As I said, only non-sane people think about this sort of thing.

* * *

Meanwhile, I see that Niall Ferguson has grown too grand for NYU to be his American connection; he is now a professor of history at Harvard, though still quite a Fellow at Jesus College, Oxford. I learn these things from the byline to his recent piece in The Spectator, Britain First, in which he advises Great Britain to throw off the special relationship with the United States, and take up with the Scarlet Woman of Brussels:

The interests of the United States and the United Kingdom have in fact been divergent for many decades. They were perhaps most perfectly complementary a century ago, when Joseph Chamberlain and others discerned the impossibility of maintaining Britain's Far Eastern empire without American support, and the United States still considered itself a hemispheric power. There was another good reason for Anglo-American partnership by 1917, when it seemed that Britain could not defeat Germany without American financial and military support.....

Mr Blair's fervid Atlanticism therefore marks a discontinuity — a break in the longer-term deterioration of Anglo-American relations....

Mr Bush's tacit imperialism -- so much more resolute than that of his predecessor -- has found its staunchest support in Mr Blair's private faith. On they march, these two Christian soldiers, each with a Bible in one hand and a bazooka in the other...The trouble is that while a majority of Americans are receptive to what might be called a faith-based foreign policy, very few Britons are.

I am a great fan of Niall Ferguson, but sometimes I think that he writes things on a bet. ("You don't believe I'd really go on the BBC and advocate cannibalism for overpopulated countries? A case of Guinness Stout says your wrong!") Quite aside from the fact that the "special relationship" is one of those things that seem to take forever to die, the premise of his argument is wrong.

If it were actually the case that Bush's foreign policy is just an example of forthright imperialism, then it would be true that Britain would have no special reason to support it. Imperialism is just exported nationalism; no country has an interest in supporting another's nationalism. However, the point does not apply here. The world has evolved in such a way that the United States has become a cosmopolitan utility, like the UN, except that the US works. What the US has been doing since 911 is a little like a man manually working the pump on a small boat with a hull breach. Strictly speaking, he is working in his own interests, but he can't save himself without saving the other passengers. Some of the brighter passengers will realize that the relationship is mutual.
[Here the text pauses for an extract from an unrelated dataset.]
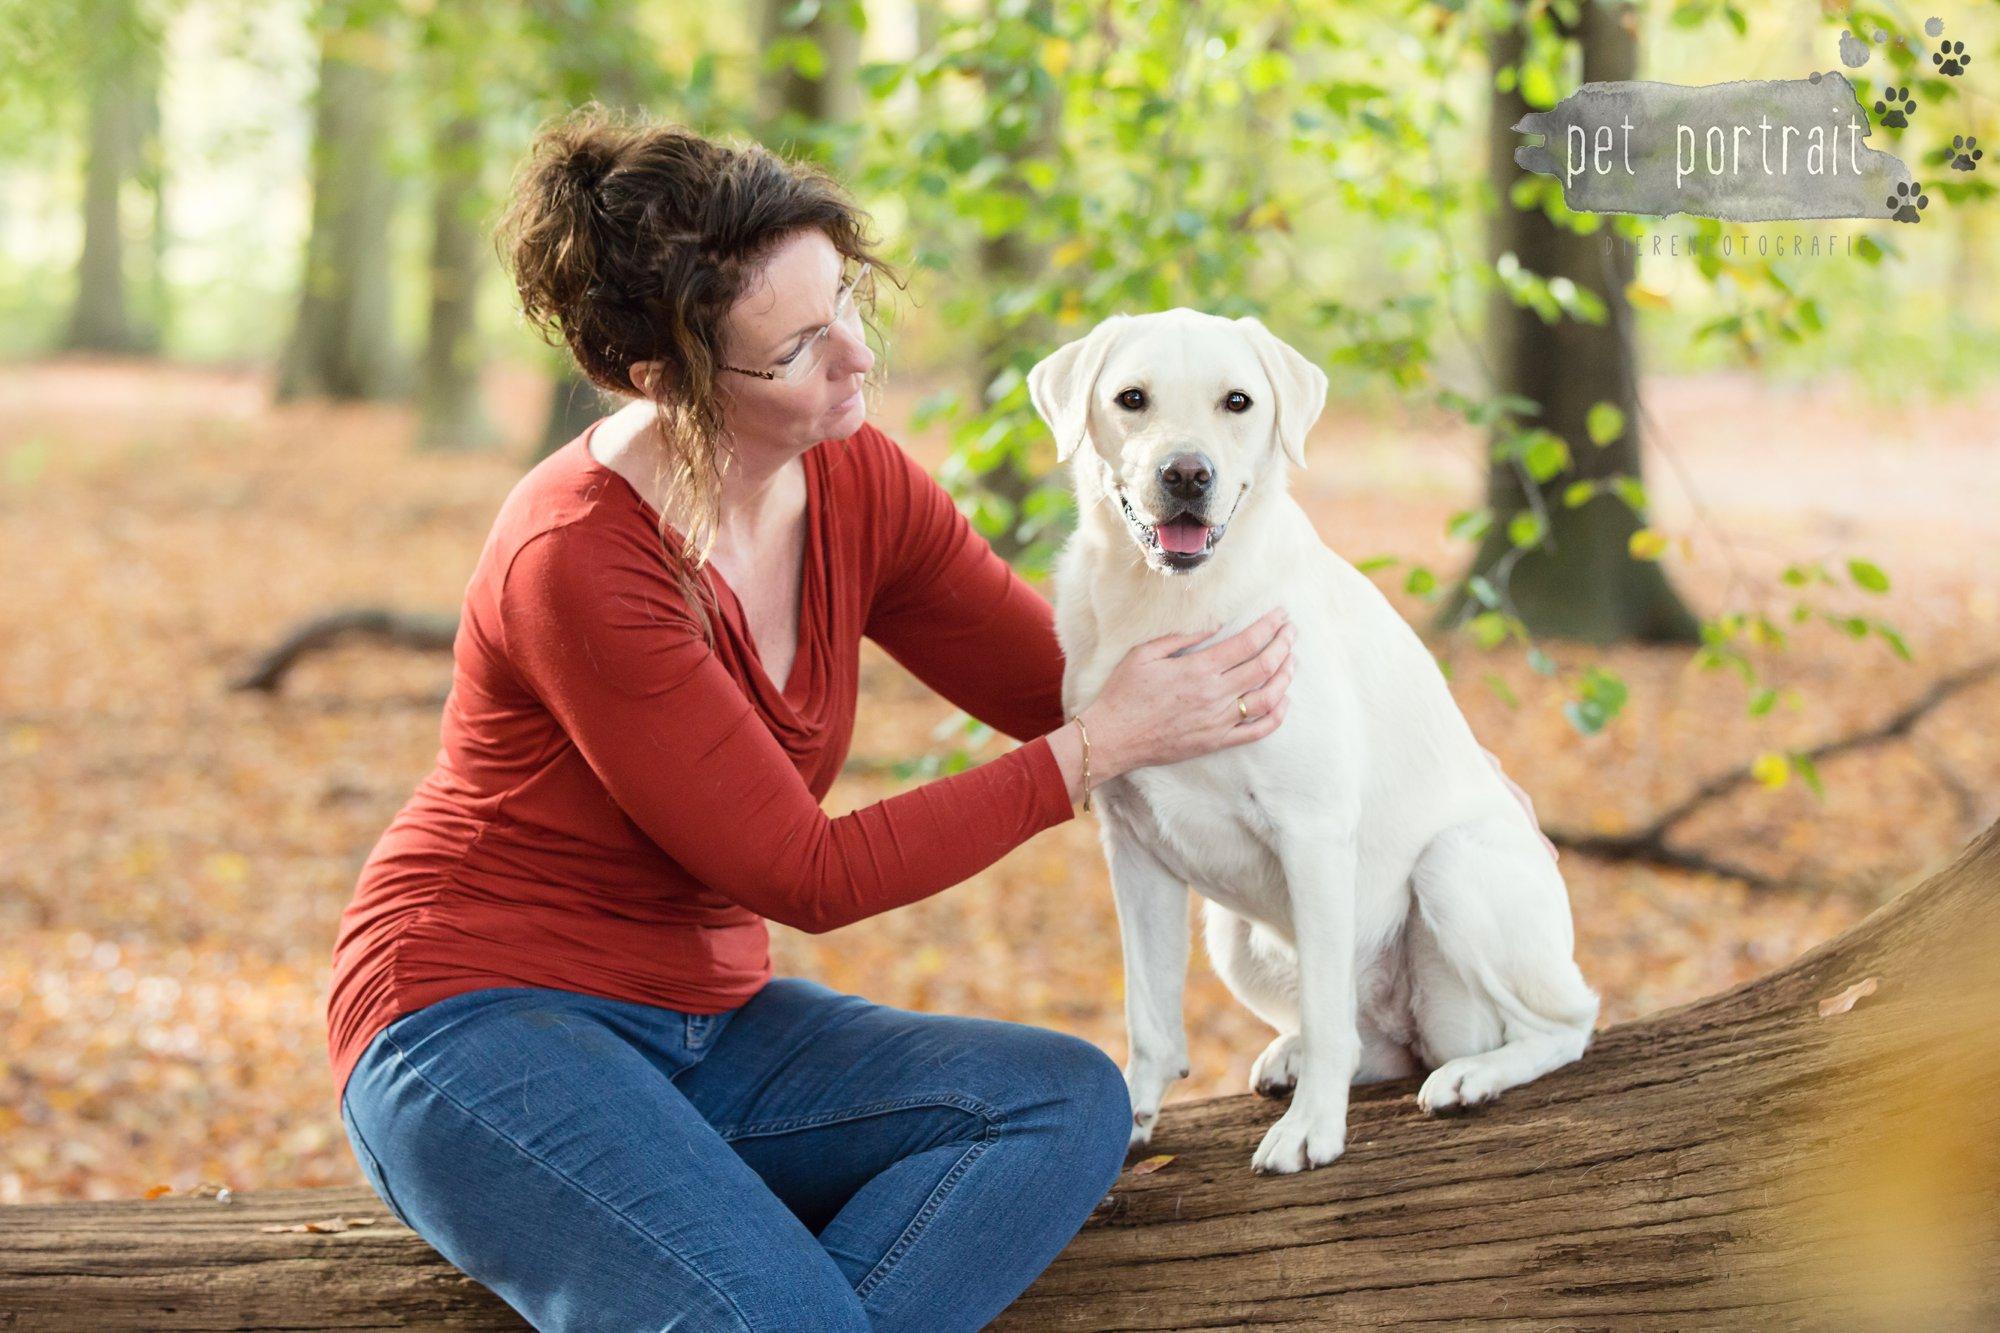 hondenfotograaf-s-graveland-beloved-dier-en-baasje-fotoshoot-labrador-juul-6

Britain could freeload off of this service, as Canada and Germany are content to do. The price of that, of course, is that such countries will be less and less consulted on matters of the first moment.

* * *

Speaking of French delusions, let me first make a defense of John Kerry. Swiftvet John O'Neill recently said about antiwar activist John Kerry's meeting over 30 years ago with the North Vietnamese and Viet Cong delegates to the Paris Peace Talks:

"It would be like an American today meeting with the heads of al Qaeda," said O'Neill.

By no means. Talking with al Qaeda would be like doing a face-to-face interview with the Unabomber when he was still at large. Some people should not be talked to, but shot on sight. (Well, arrested.) If you do not try to help bring them to justice, you are an accomplice. In contrast, the US government found the Communist delegations to the Paris talks fit to treat with. If Kerry was trying to some negotiating on his own, he was arguably committing a felony, but that's another matter.

That said, though, the way that Kerry continues to follow the Vietnam script is becoming eerie. Consider this headline, about the recent visit of the Iraqi prime minister, which I will not trouble to link to:

Kerry: Allawi Abets Bush in Putting on 'Best Face'

Allawi "abets" Bush in making an argument for his own government, does he? It's exactly like the antiwar movement in 1971: nothing but defeat will do.